(208b) Free Energy Analysis of the Liquid-Liquid Transition in Supercooled ST2 Water

Authors: 
Palmer, J. C., Princeton University
Car, R., Princeton University
Debenedetti, P. G., Princeton University



Many of the well-known thermodynamic anomalies of water, such as its negative thermal expansion and increased compressibility upon cooling, become more pronounced when it is cooled below its freezing point into a metastable liquid.  One thermodynamically consistent interpretation of water’s anomalies posits that water becomes highly compressible when cooled below its freezing point due to the presence of a second critical point associated with a first-order phase transition between two metastable liquid phases1. Since the region of the phase diagram where this hypothetical critical point would occur is below the homogenous nucleation temperature of bulk water, obtaining direct experimental evidence to falsify the second critical point hypothesis has so far proved to be a significant challenge.
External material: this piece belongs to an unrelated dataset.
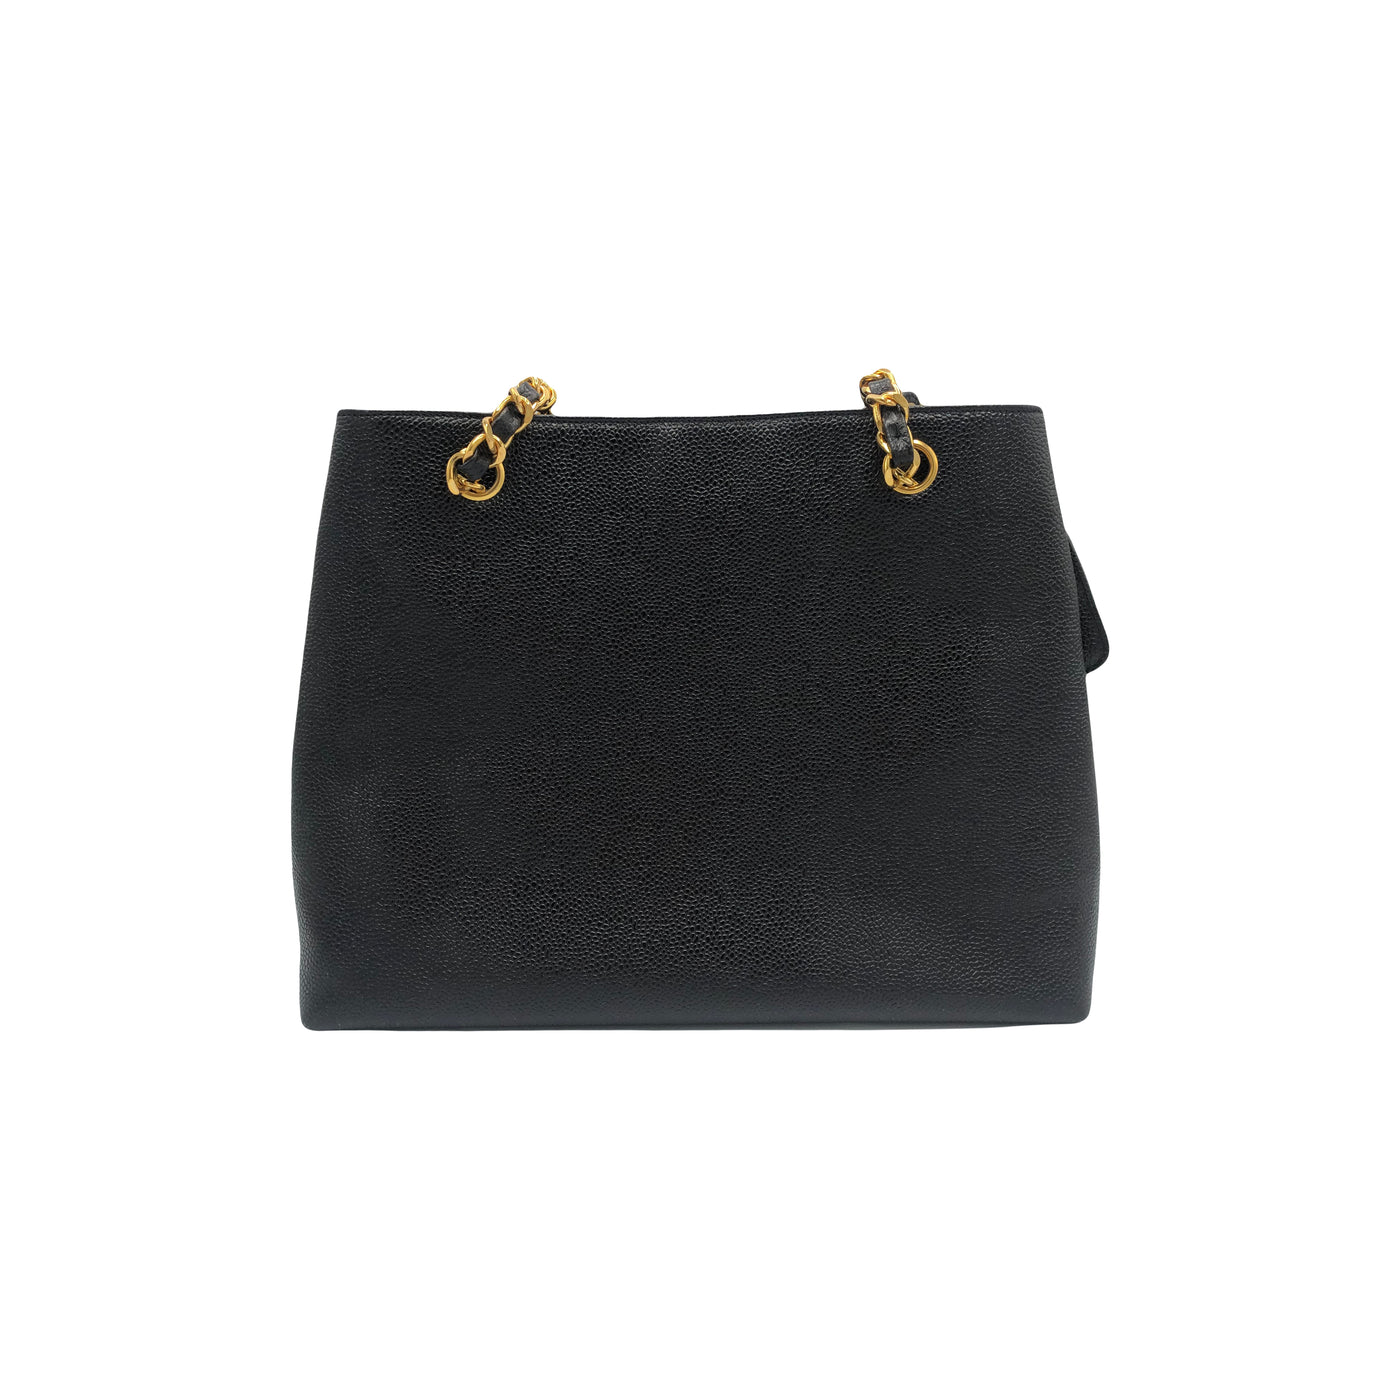 Valenti Designer Flap Black Leather Crossbody Bag With Gold Hardware,  Luxury Womens Shoulder Black Leather Crossbody Bag, Leather Strap, Black  Calfskin Handbag With Studs Chain, Small Purse. From Jaquemus_bags, $141 |  DHgate.Com

We examine the phase behavior of the ST2 water model2 under deeply supercooled conditions, using state-of-the-art molecular simulation techniques  (umbrella sampling and well-tempered metadynamics) to compute the reversible free energy surface parameterized by density and bond-orientational order. Our analysis demonstrates that ST2 water phase-separates at sufficiently low temperatures, forming two liquid polymorphs that are metastable with respect to cubic ice. Such findings are consistent with our earlier umbrella sampling3 and grand canonical Monte Carlo4 calculations. The nature of the liquid-liquid phase transition is also investigated by examining the finite-size scaling behavior of the interfacial free energy between the two liquids.  We find that the interfacial free energy obeys the N2/3 scaling law expected for a first-order transition, suggesting the existence of an associated second critical point in ST2 water.  Finally, we examine the mechanism for ice nucleation from the liquid state and discuss order parameters for describing this transition.

1P. H. Poole, F. Sciortino, U. Essmann, and H. E. Stanley, Nature, 360, 324 (1992)

2F.H. Stillinger and A. Rahman, J Chem Phys, 60, 1545 (1974)

3Y. Liu, J. C. Palmer, A. Z. Panagiotopoulous and P. G. Debenedetti, J Chem Phys, 137, 214595 (2012)

 4Y. Liu, A. Z. Panagiotopoulous and P. G. Debenedetti, J Chem Phys, 131, 104508 (2009).